Provided material =
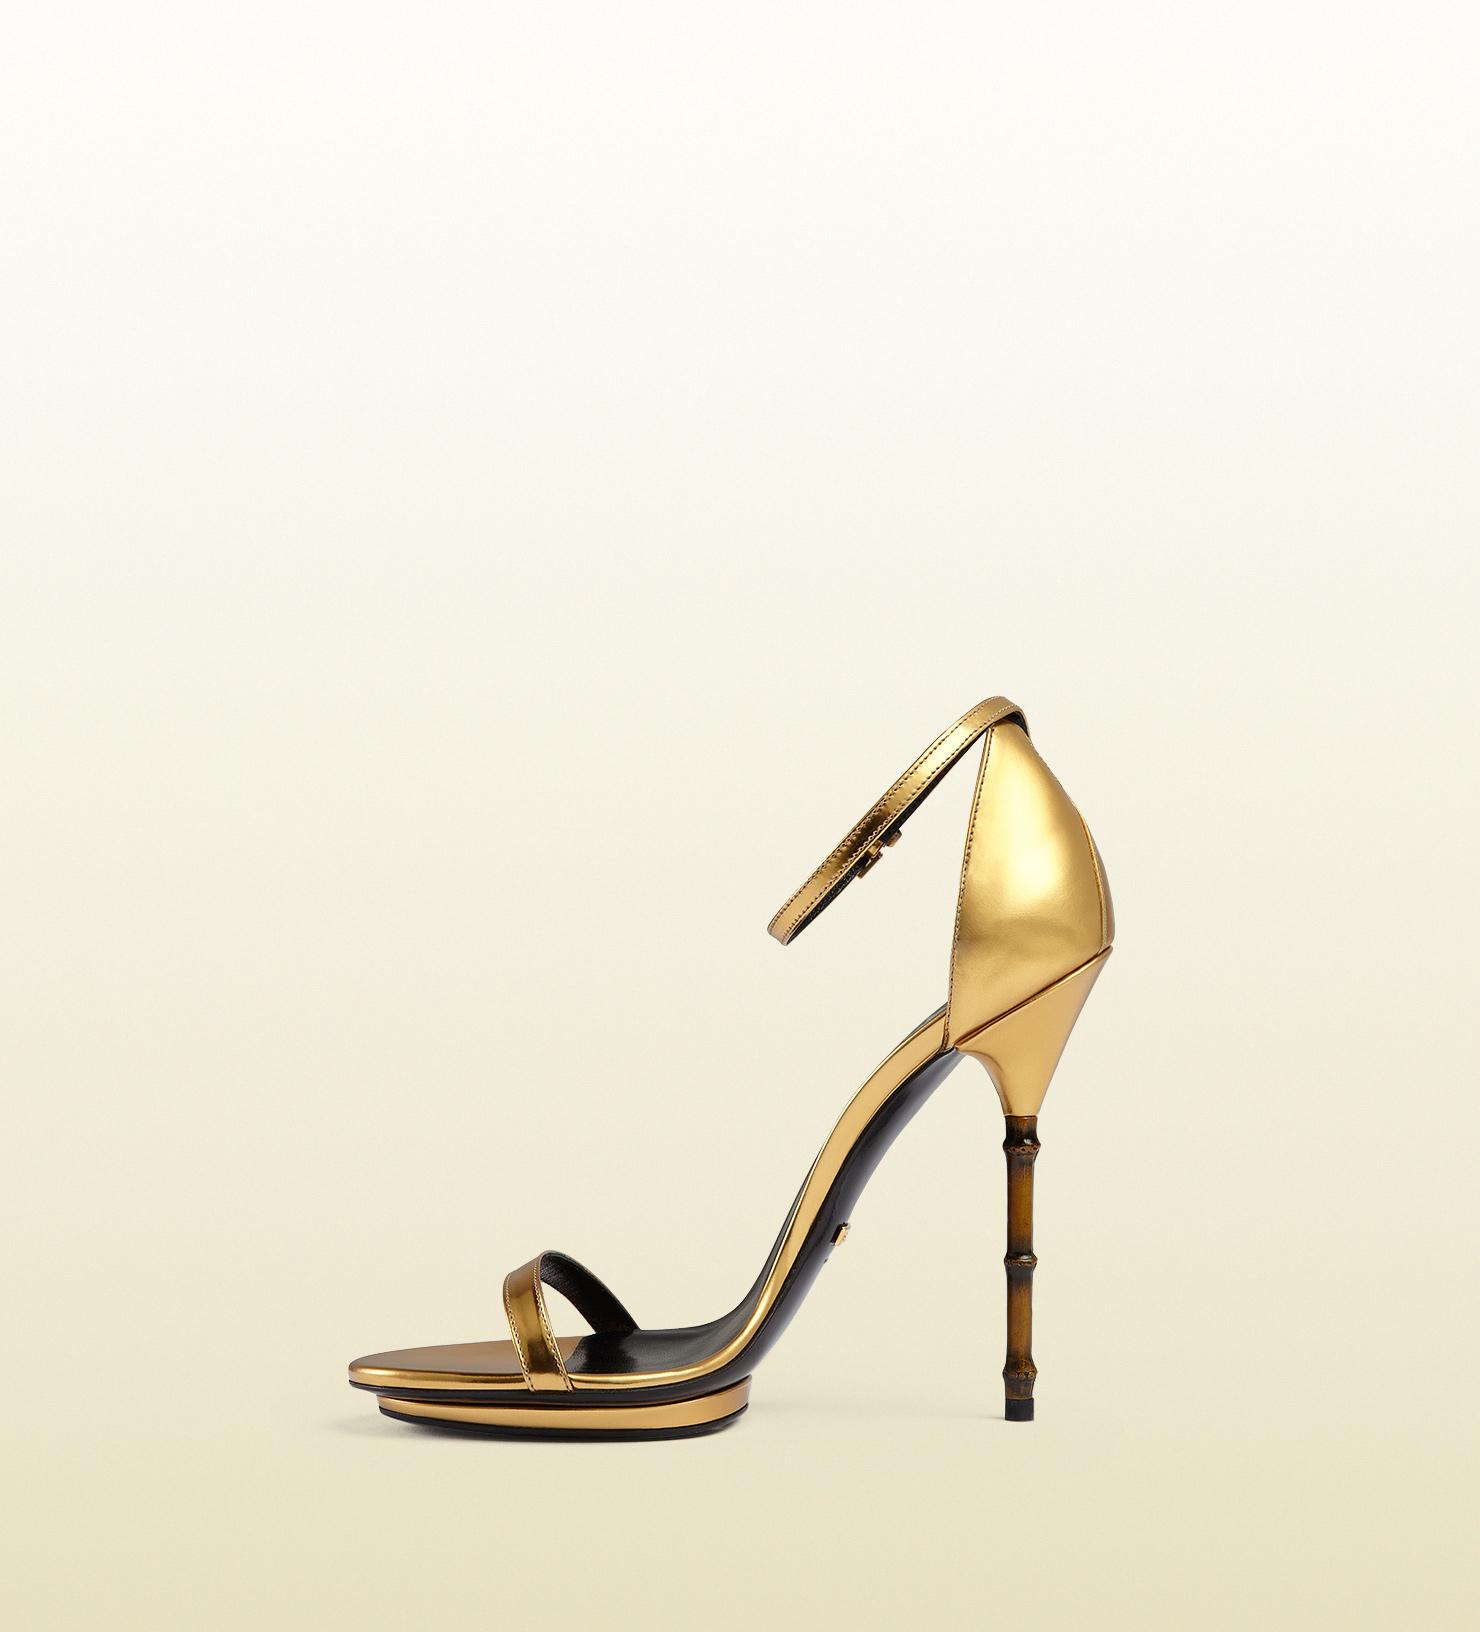 33dbaae08a1 Lyst - Gucci Metallic Leather Sandal With Bamboo Shaped Heel in Metallic
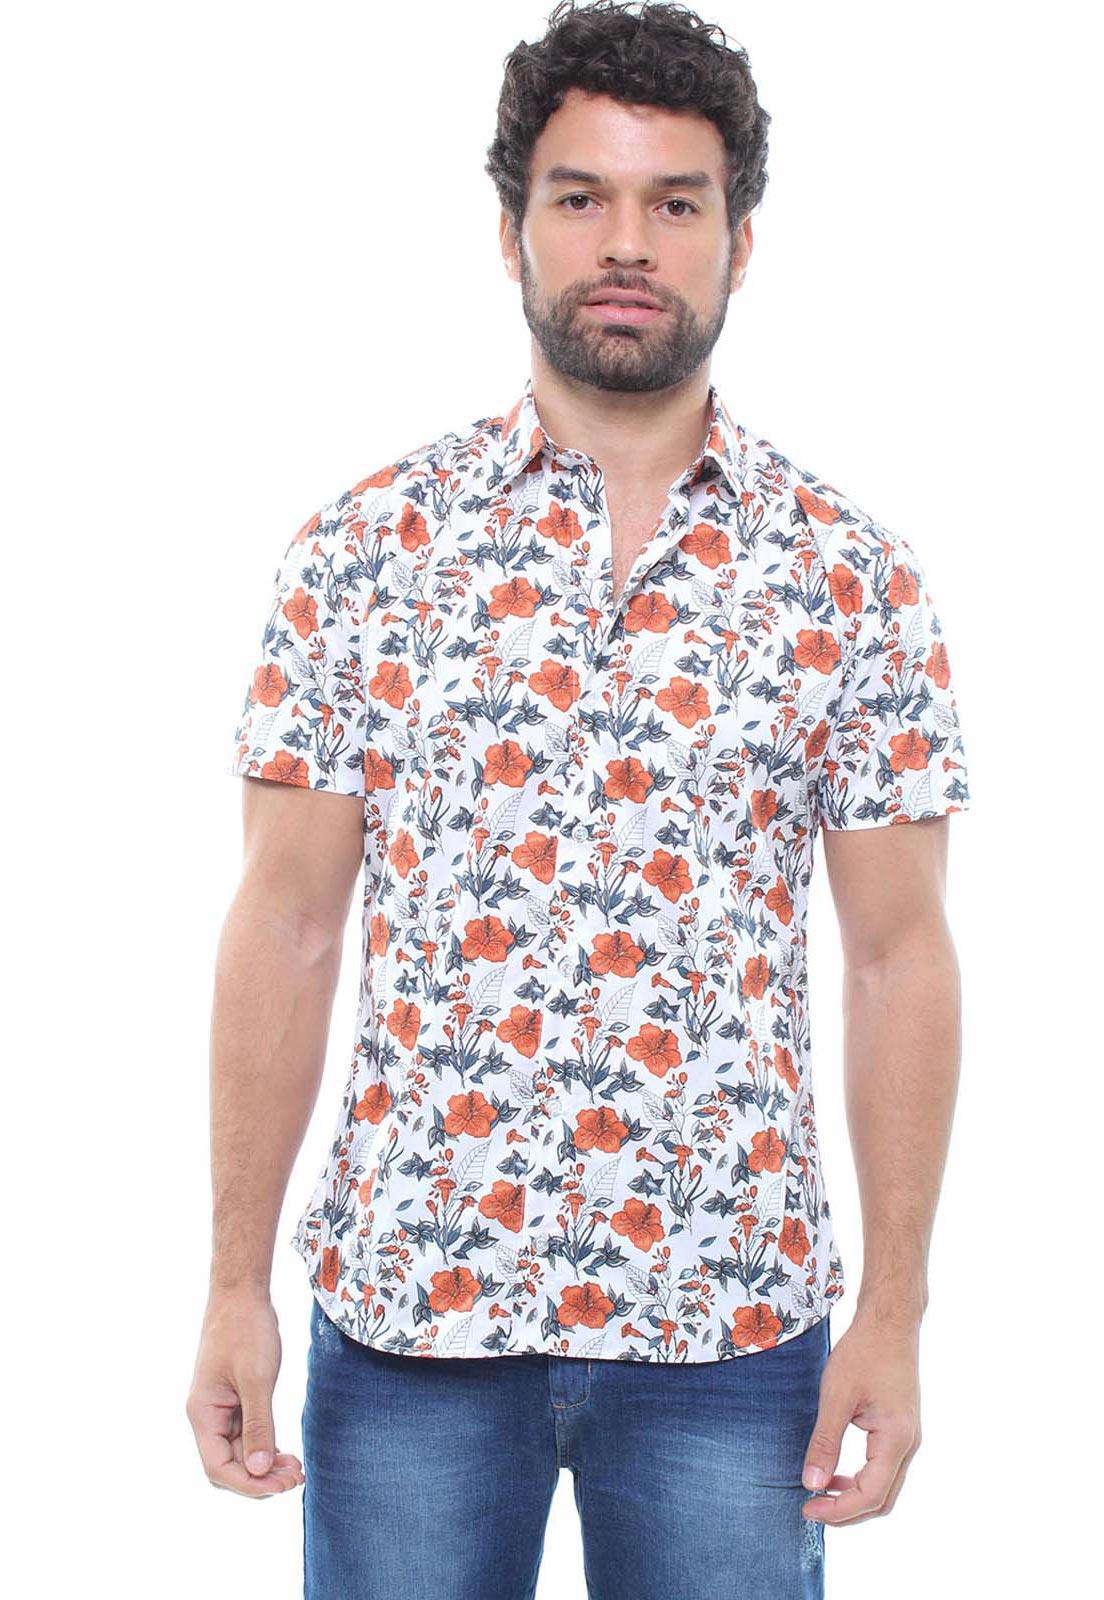 Camisa Estampada Masculina Manga Curta Crocker -  47934
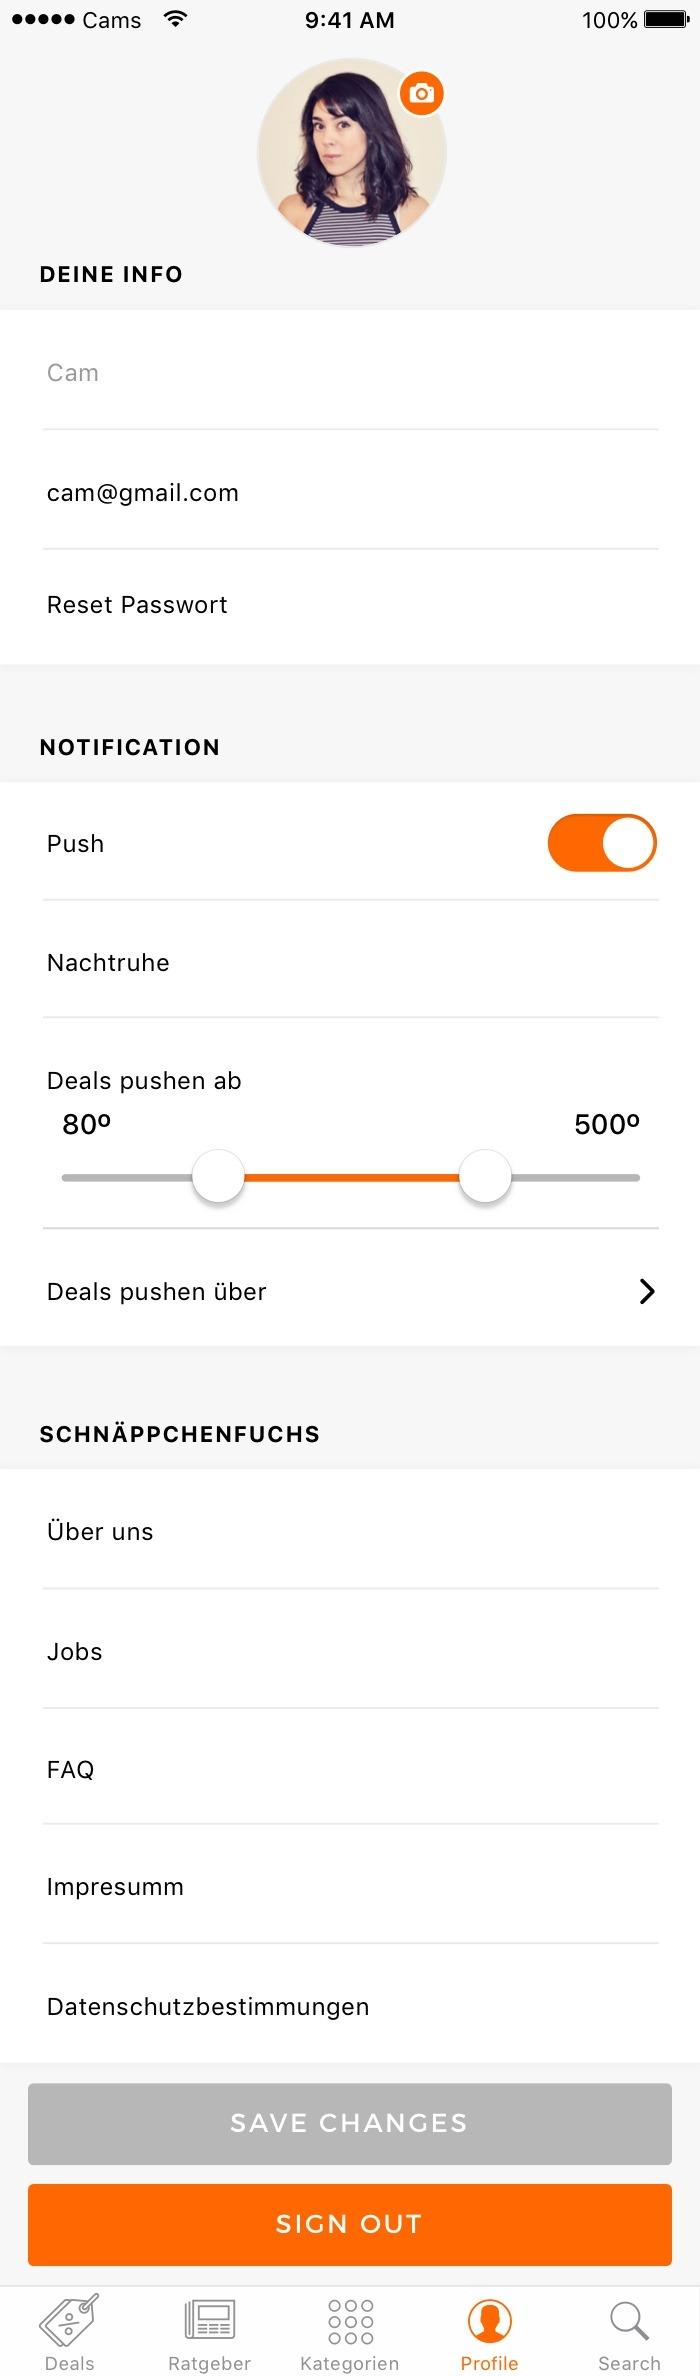 profile-schnaeppchenfuchs
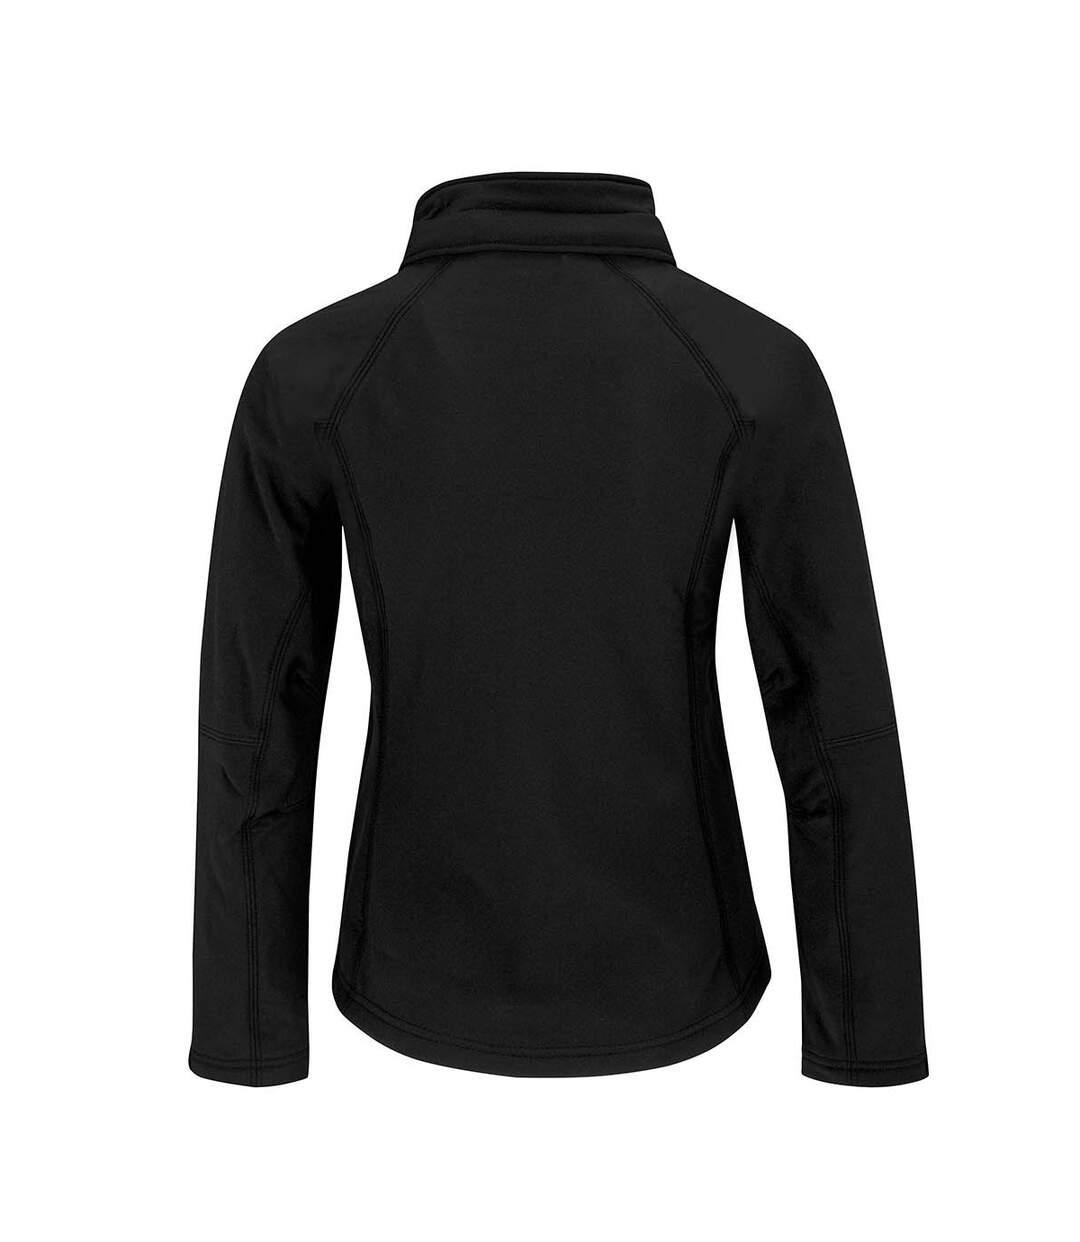 B&C Womens Hooded Premium Softshell Jacket (Windproof, Waterproof & Breathable) (White) - UTBC2004

Your goal = Your copy must consist solely of the lines from the one containing "profile-schnaeppchenfuchs" through the final line of the material above, transcribed exactly, with the pictures left out.

Answer =
 profile-schnaeppchenfuchs
 B&C Womens Hooded Premium Softshell Jacket (Windproof, Waterproof & Breathable) (White) - UTBC2004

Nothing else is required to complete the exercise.